Now we have 2 Earth-like planets in a few hundred to thousand years.
To create such a gravitational well on Mars, so that we aren’t constantly losing both our normal skeletural muscles, but also more importantly, our organ muscles, you would have to create a stable black hole in the core of Mars, or you would have to bombard Mars, and its pathetic moons, with millions of asteroids.
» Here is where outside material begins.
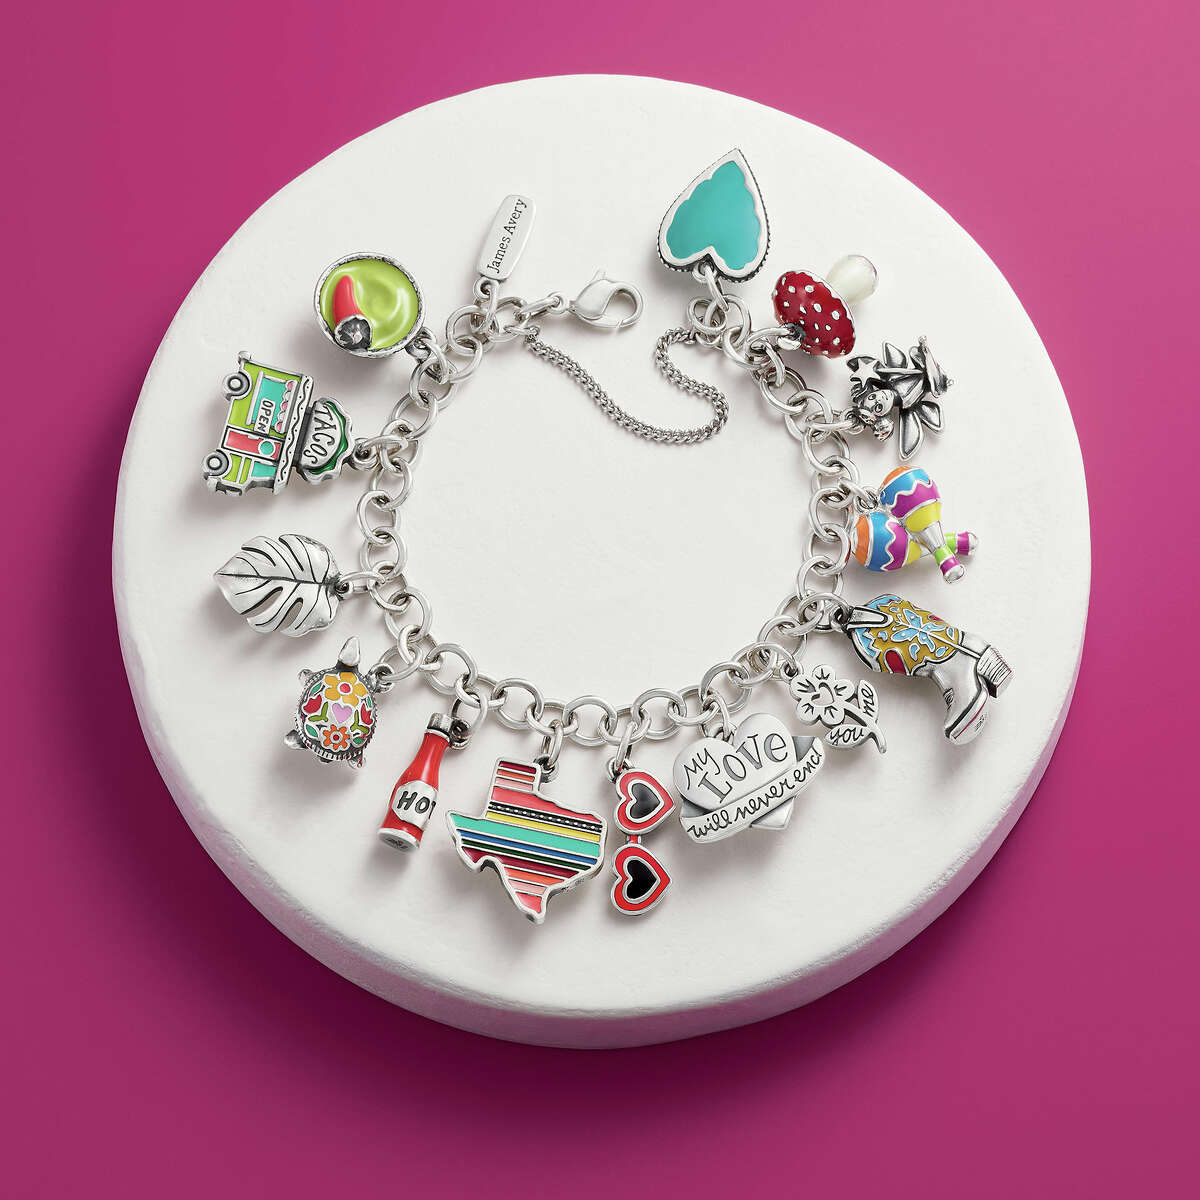 James Avery Artisan Jewelry - Easter charms are a fun way to

To create a long term naturally stable, new earth, Venus is just closer to the masses that we actually need. By dropping just the comets onto Venus you just added a lot of mass, and that gets Venus even closer to being “Earth-like.” We will have to give Venus a comparative moon, but with asteroid mining, and starlifting, that shouldn’t be an issue.
By using Mercury to create a solar thruster, we gain access to unlimited space dust, that will form unlimited asteroids for us, in the Kuiper Belt.